Abstract 2457: Left Ventricular Assist Device Therapy with the HeartMate II Continuous Flow Rotary Pump as a Bridge to Heart Transplantation
Background: The HeartMate (HM) II continuous flow rotary pump represents a new generation of implantable left ventricular assist device (LVAD) that has recently completed clinical evaluation in an FDA-approved study for bridge to transplantation (BTT). Through a continued access protocol (CAP), an additional cohort of patients has undergone implantation of the HMI II device. We report on a comparative analysis of outcomes from both the primary and CAP cohorts.

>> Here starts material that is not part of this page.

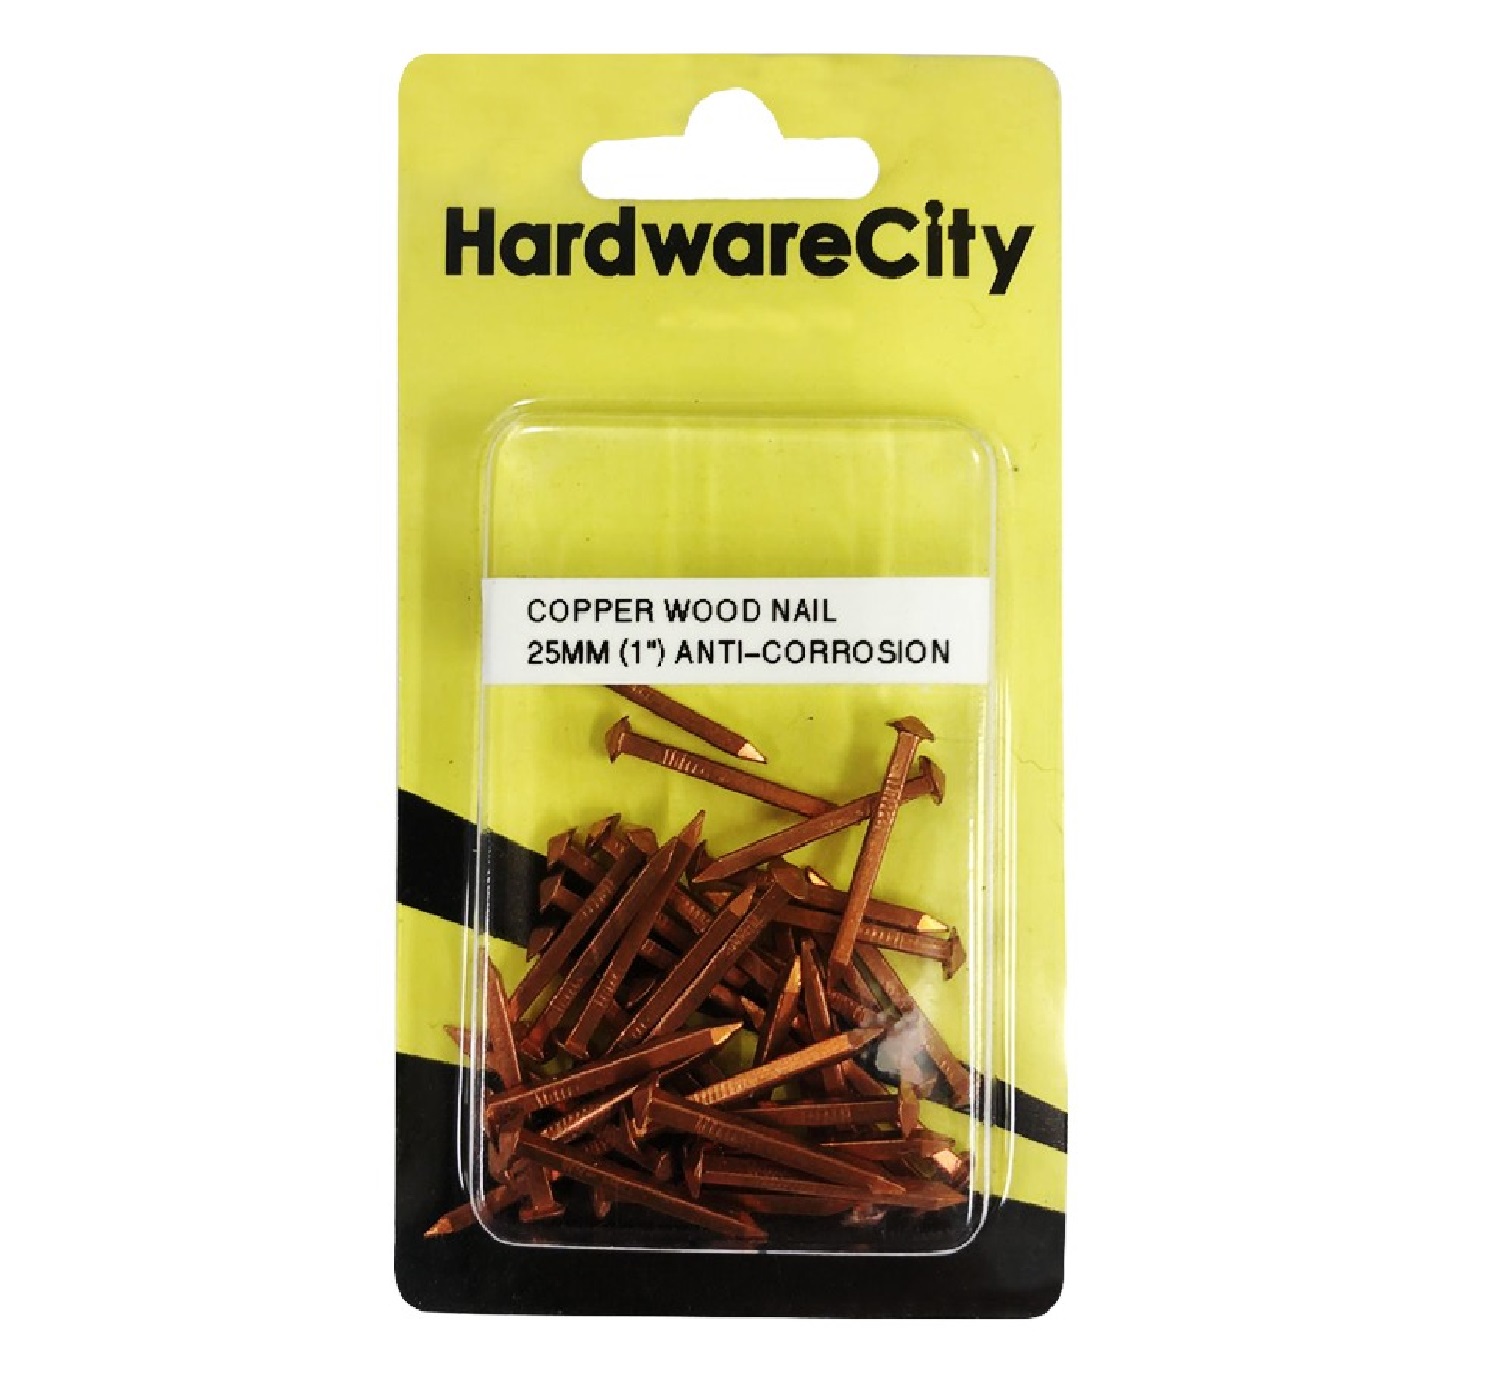 HardwareCity 25MM (1") Copper Wood Nails For Roofing & Furniture Repairs, 20PC/Pair

Methods: In a prospective, multi-center study, 297 patients with refractory heart failure and on intravenous inotrope therapy underwent implantation of the HM II to evaluate safety and efficacy as a BTT (n=133 patients-primary study cohort; n=164 patients-CAP; 61 patients in the CAP cohort completed 6 mo followup).
Results: Baseline demographics, hemodynamics, renal and hepatic function were not significant between groups (Table 1⇓). Number of patients with positive outcomes at 6 mo (transplant, cardiac recovery, alive on LVAD) were similar between cohorts (79% vs 80%). HM II therapy improved 6 minute walk distance at 3 month followup (by 250±232 m vs 226±180 m), and quality of life (Minnesota Living with Heart Failure; by 37% vs. 41%) to similar degrees for each cohort. The incidence of significant adverse events (pump replacements, 5 vs. 1; postoperative bleeding requiring surgery, 31% vs 23%; ischemic and hemorrhagic stroke, 8.0% vs 9.8%; need for RVAD, 4% vs 8%) were not significant between groups.
Conclusions: Outcomes from patients implanted with the HMII device during CAP were similar to outcomes of patients implanted in the primary cohort. These analyses validate the original findings regarding efficacy and risk profile of the HM II continuous flow LVAD in this patient population as a BTT.